Title and Name | Education/Experience |
---|---|
Simon Lin Chairman (Wistron Corporation Representative) |
Bachelor degree from National Chiao Tung University President of Acer Inc. |
Frank Lin Director (Wistron Corporation Representative) |
Bachelor of Accounting, Feng Chia University Chief Financial Officer of Acer Inc. |
Emily Hong Director |
The Alumni Association of Executives Program, Graduate School of Business Administration, National Chengchi University Bachelor of Political Science, National Taiwan University General Manager of Enterprise Product Group and Cloud Business Group in Wistron Corp. Vice General Manager in Acer Inc. |
Sunlai Chang Director |
Ph. D., University of Maryland, College Park. Bachelor of Science in Mechanical Engineering, National Taiwan University Director of Mechanical Design, Enterprise Business Group in Wistron Corp. |
Steven Lu Director |
Master of Business Administration, The Fuqua School of Business Bachelor and Master of Science in Computer Science & Information Engineering, National Taiwan University Senior Director of Enterprise Business Group in Wistron Corp. Senior Manager of Server and Storage Group in Acer Inc. |
Simon Dzeng Independent Director |
Doctorate, Accounting Dept., Drexel University Master, Business Administration Dept., Drexel University Bachelor of Business Administration, National Taiwan University Vice President in Mega Financial Holding Co., LTD. Chairman of Mega Bills Finance Co., LTD. Senior Vice President of China Development Financial Holding Corp. and General Manager in China Development Industrial Bank |
Charles Kau Independent Director |
Master of Chemical Engineering, North Carolina State University Chairman of Inotera Memories, Inc. General Manager of Nanya Technology Corporation |
Cathy Han Independent Director |
Master of Business Administration, University of Connecticut Senior Vice President of Principal Investment Dept., China Development Industrial Bank Executive Vice President of Business Development Dept., CDIB Capital Group |
Victor Cheng Independent Director |
Doctorate, Jurisprudence Dept., Stanford University Bachelor, School of Law, Soochow University Professor, National Taiwan University of Science and Technology Professor, School of Law, Shih Hsin University Director and Dean, Institute of Intellectual Property, Shih Hsin University Legal Supervisor in Acer Inc. |
Committees
Audit Committee
Wiwynn has set up the Audit Committee via special shareholders’ meeting on January 17, 2018. The Audit Committee is composed of all Independent Directors, namely, Mr. Simon Zeng, Mr. Charles Kau, Ms. Cathy Han, and Mr. Victor Cheng. Mr. Simon Dzeng is the committee chairman, each committee will serve an office term from June 15, 2020 to June 14, 2023.

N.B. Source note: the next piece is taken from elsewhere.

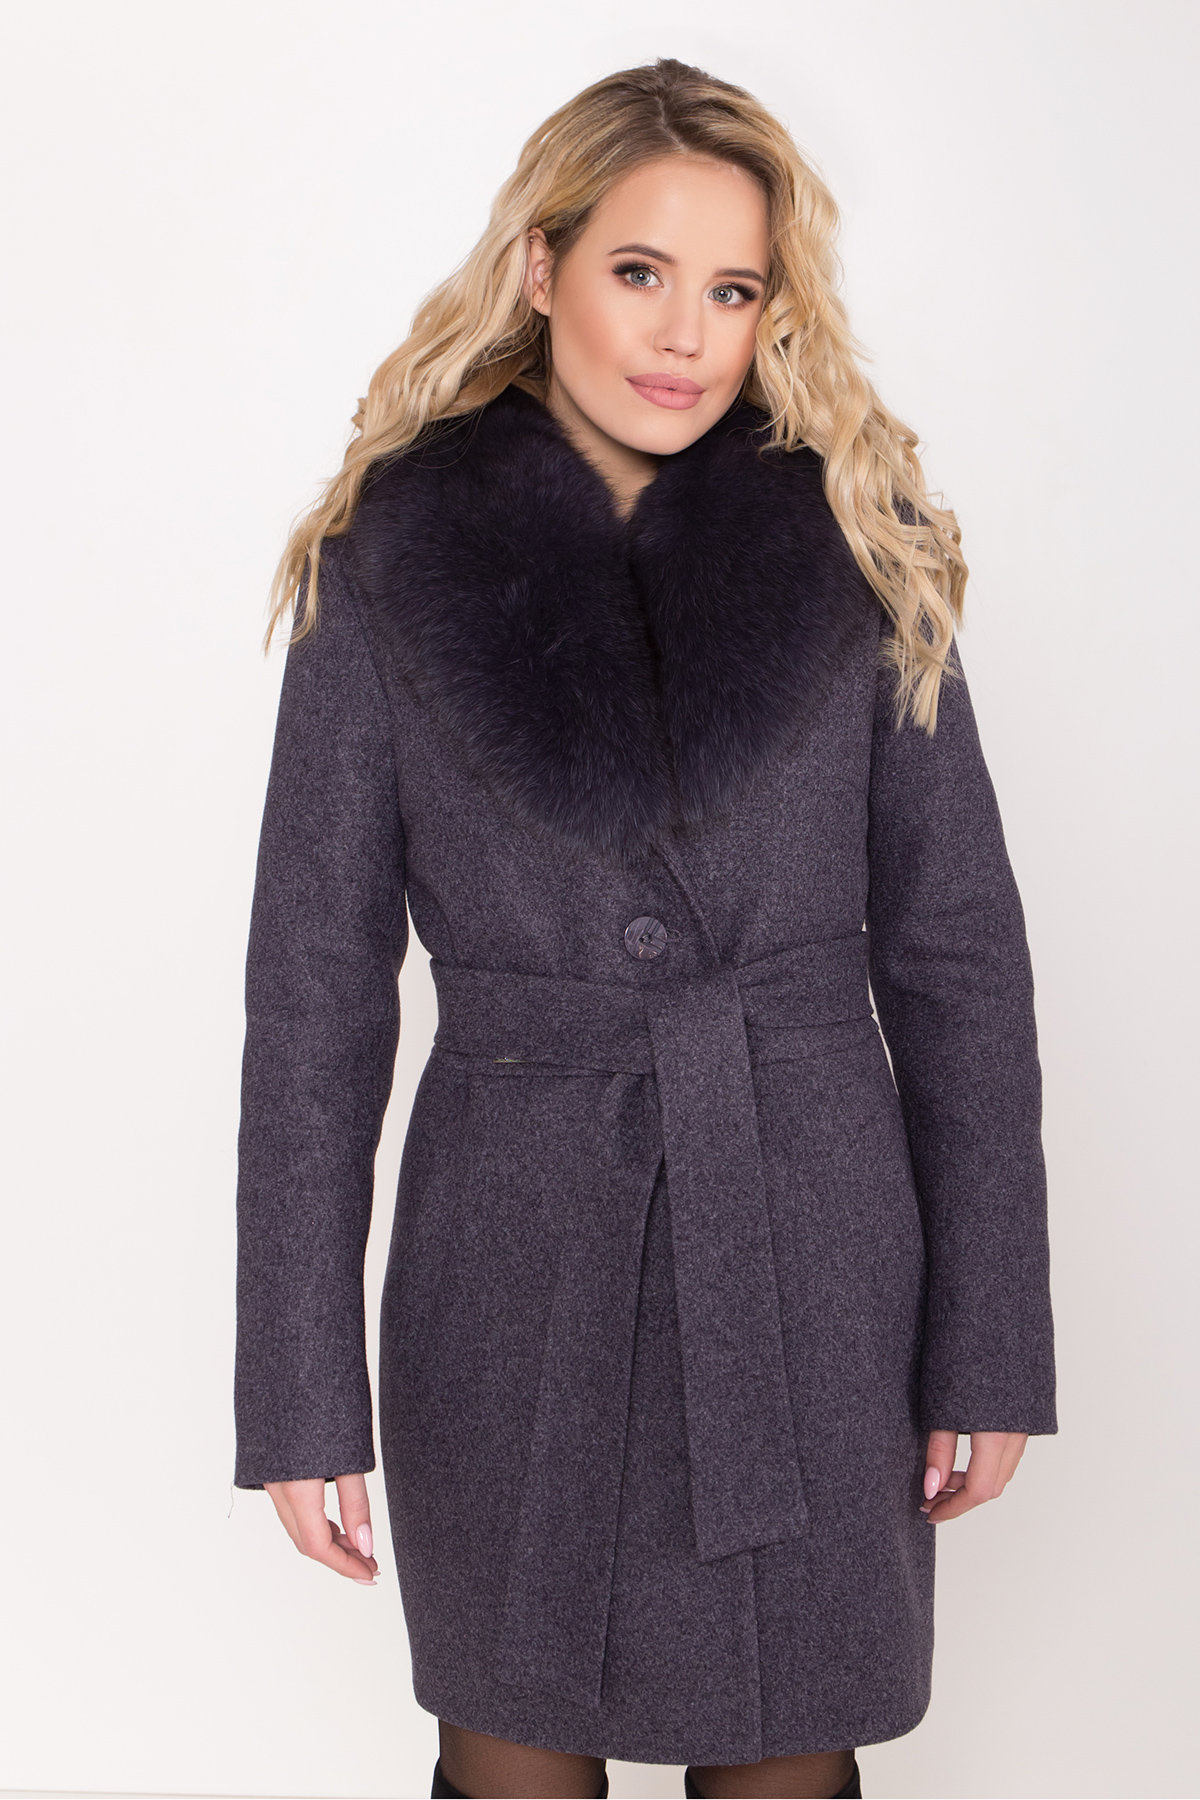 Зимнее пальто с натуральным меховым воротником Габриэлла 8214 АРТ. 44229 Цвет: Т.синий 543 - фото 5, интернет магазин tm-modus.ru

The operation of the Audit Committee shall be handled in accordance with the “Audit Committee Charter” of the Company and related laws. The Audit Committee meets before each regular quarterly board meeting, the function of Audit Committee is to examine the Company’s internal control systems, internal audit executions, as well as major financial activities, and communicate with internal auditor and CPAs to supervise the Company’s operations and risk controls.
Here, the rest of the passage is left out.